-------- Exercise input --------

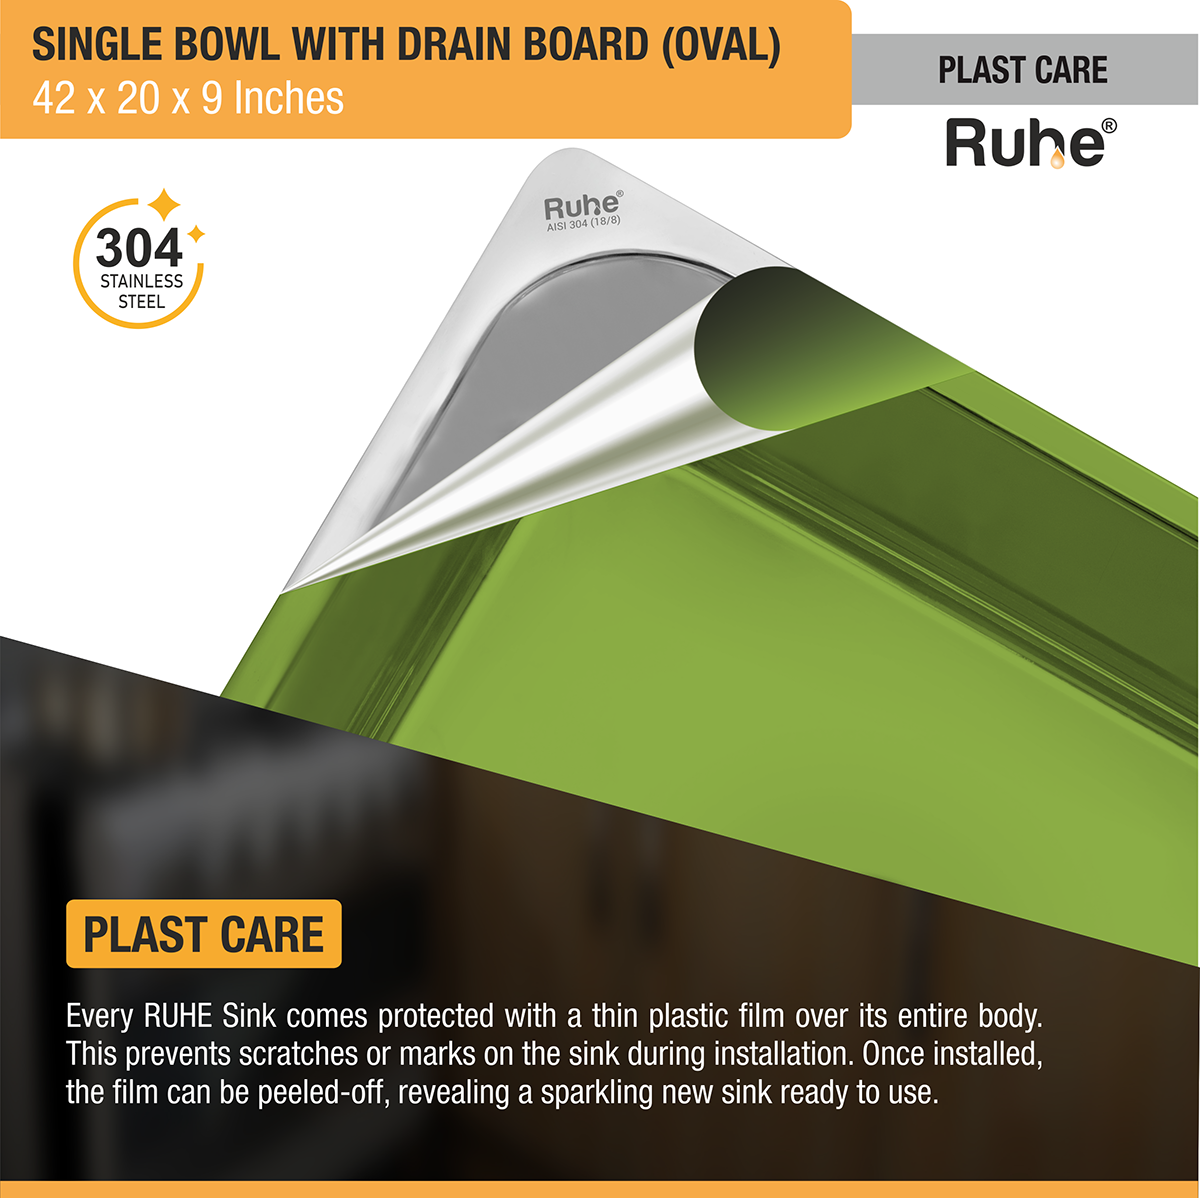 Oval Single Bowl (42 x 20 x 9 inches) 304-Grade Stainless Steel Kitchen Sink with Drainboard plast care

--------
-------- Exercise input --------

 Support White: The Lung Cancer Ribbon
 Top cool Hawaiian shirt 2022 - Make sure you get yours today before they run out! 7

--------
-------- Exercise input --------

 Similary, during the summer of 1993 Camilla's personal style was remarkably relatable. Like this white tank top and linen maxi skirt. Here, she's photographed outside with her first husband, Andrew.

--------

* Task item: Reproduce verbatim the lines above, from the line with "Support White: The Lung Cancer Ribbon" through the line with "Top cool Hawaiian".

* Answer to the problem:
 Support White: The Lung Cancer Ribbon
 Top cool Hawaiian shirt 2022 - Make sure you get yours today before they run out! 7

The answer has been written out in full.